-- Opening Marker --
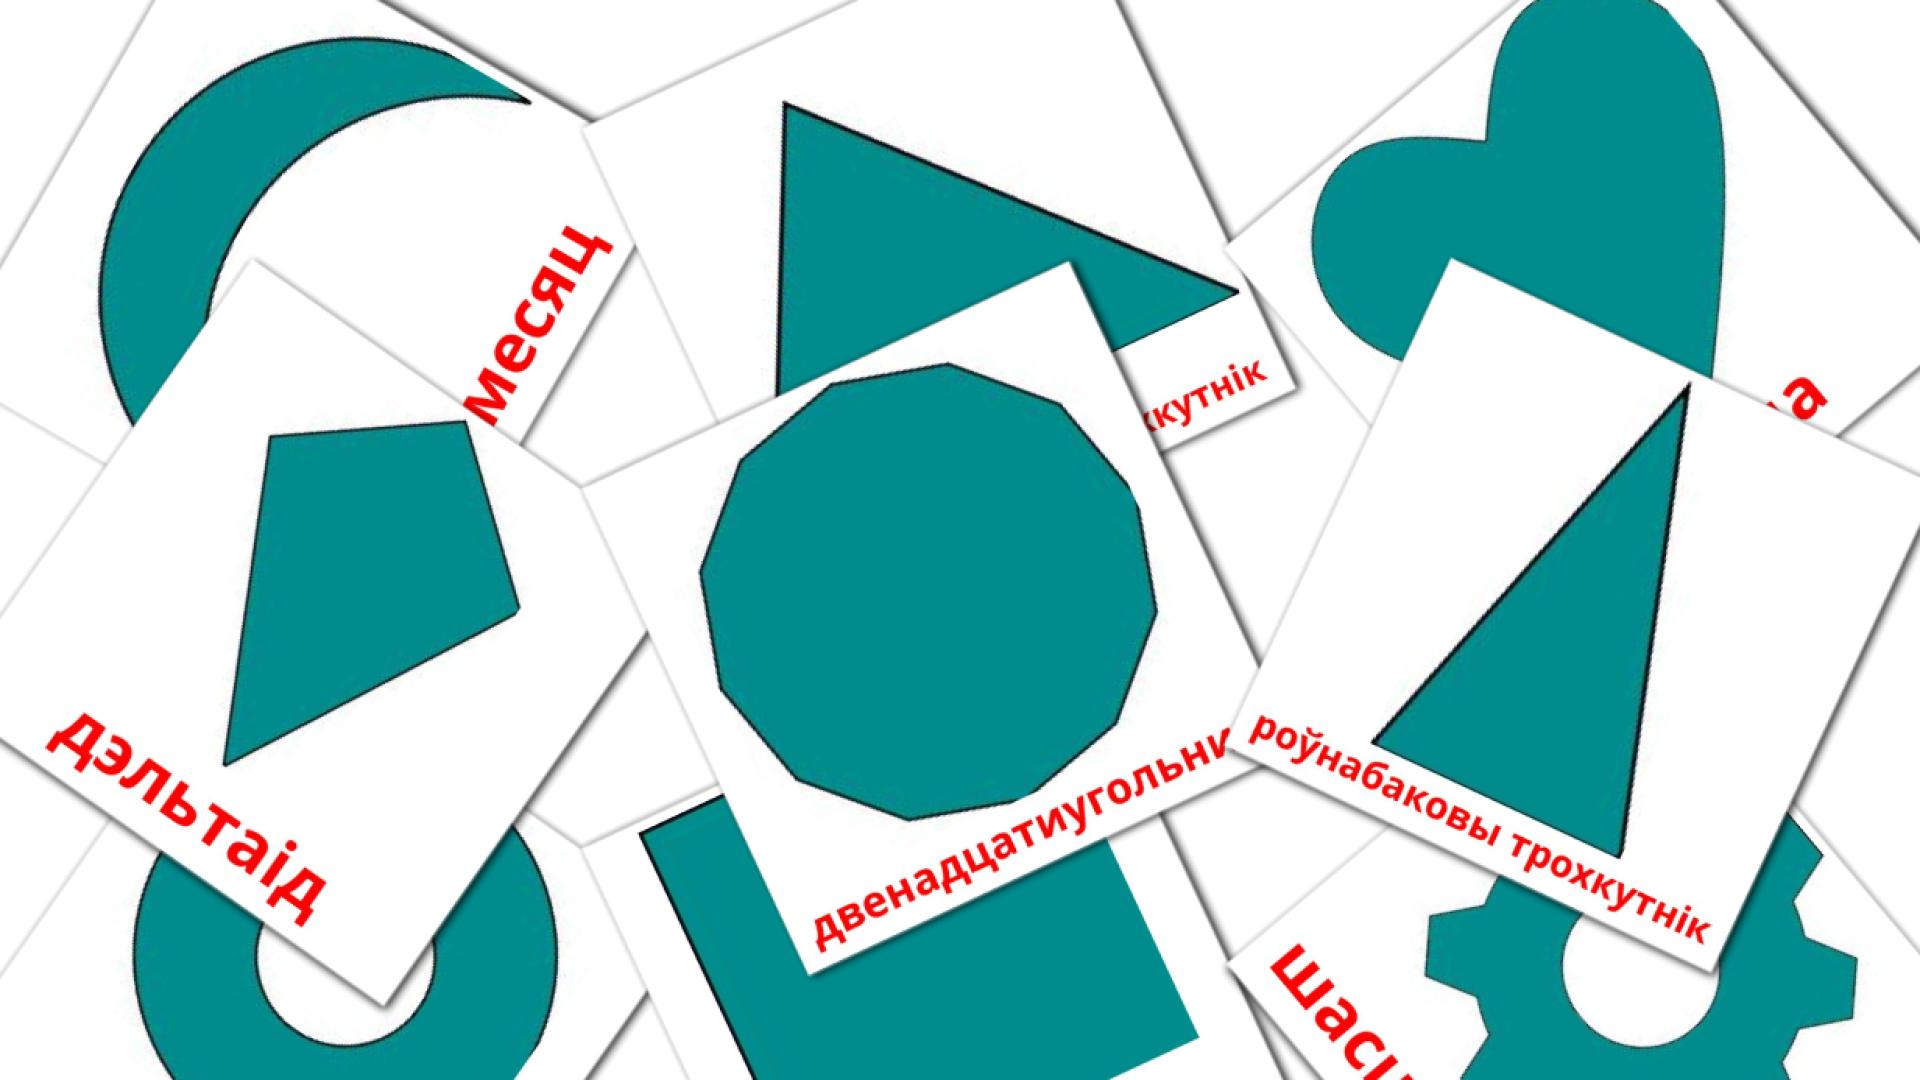 Figuras  2D - tarjetas de vocabulario en bielorruso
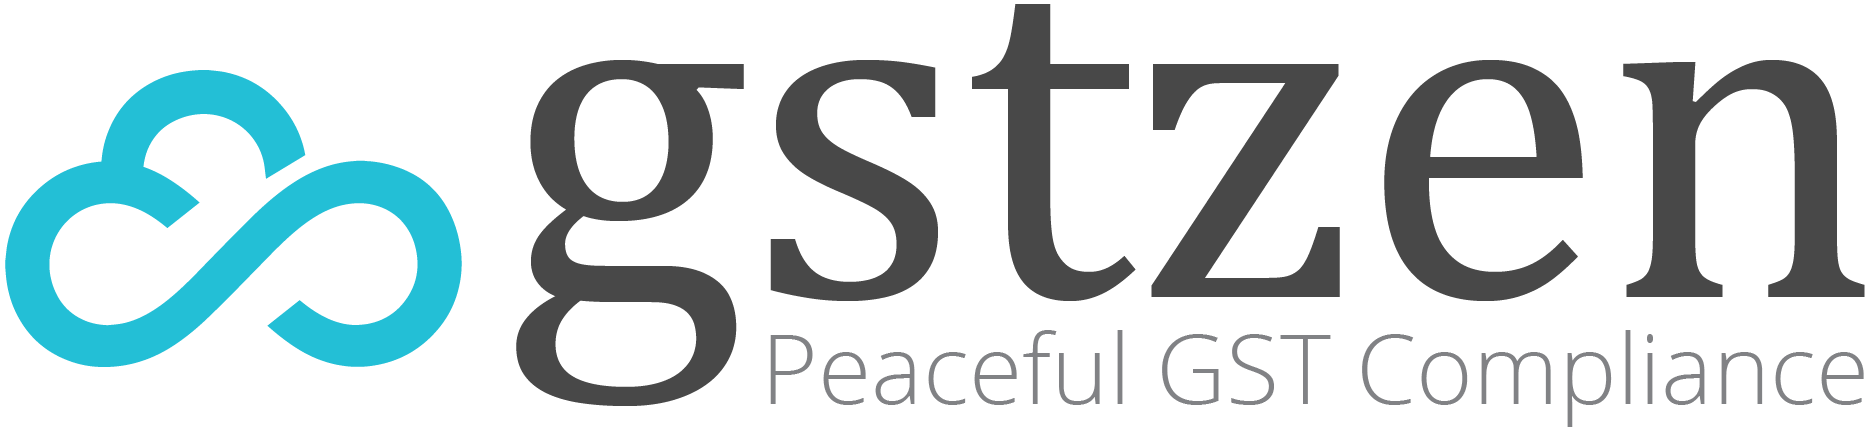 GSTZen | Peaceful GST Compliance
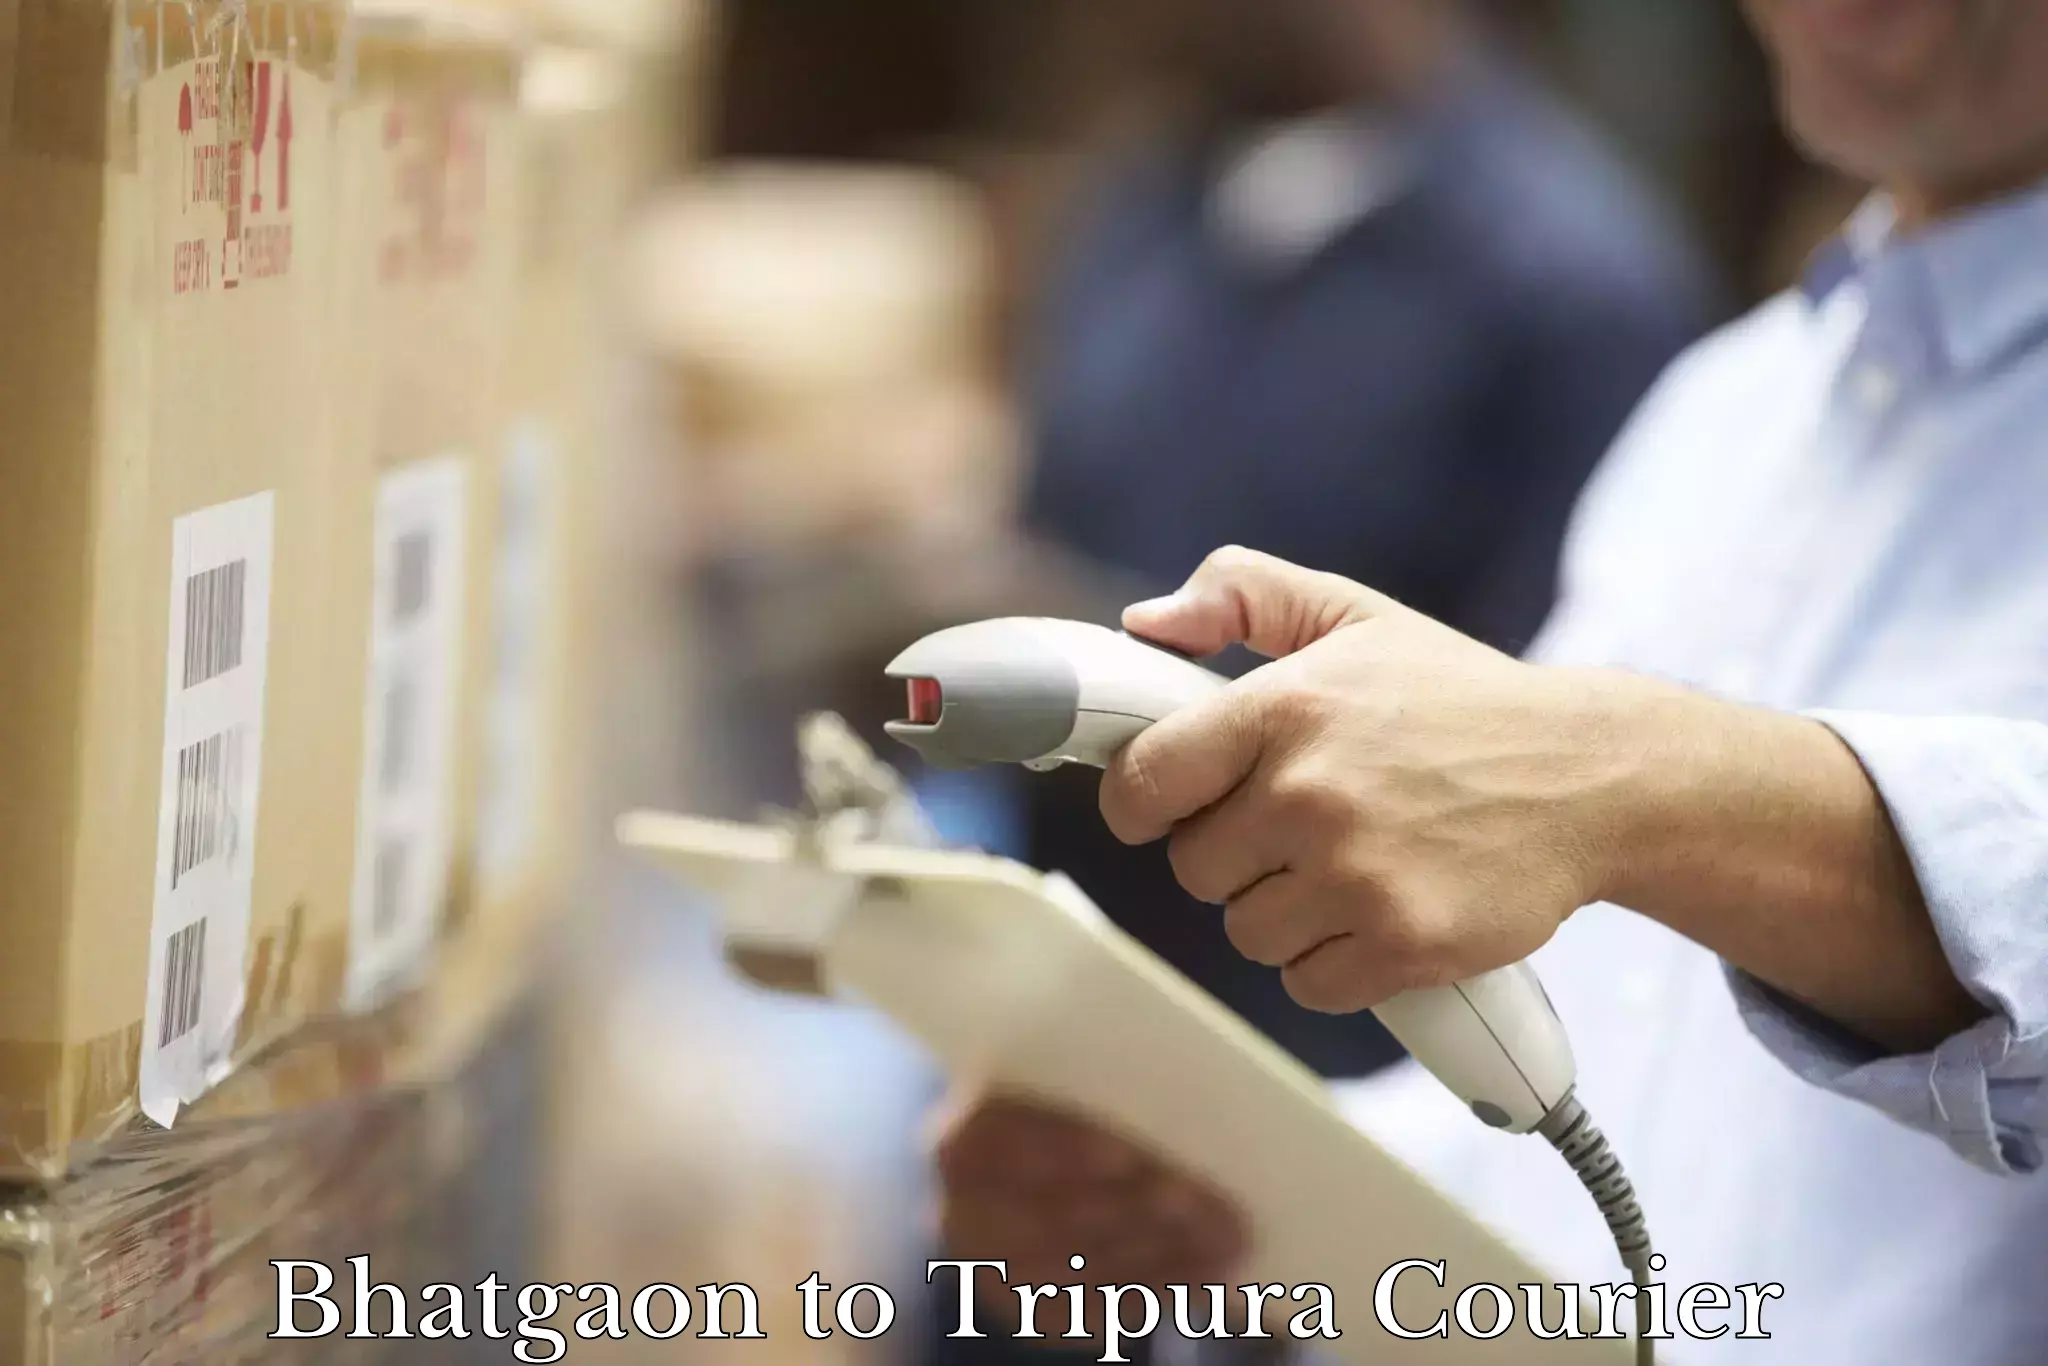 Urgent courier needs Bhatgaon to Dharmanagar
-- Closing Marker --
▸ **What you have to do**:
Your job is to restate, word for word, only the lines from the one holding "GSTZen | Peaceful GST Compliance" through the end of the material; pictures stay out.

▸ **Result**:
 GSTZen | Peaceful GST Compliance
 Urgent courier needs Bhatgaon to Dharmanagar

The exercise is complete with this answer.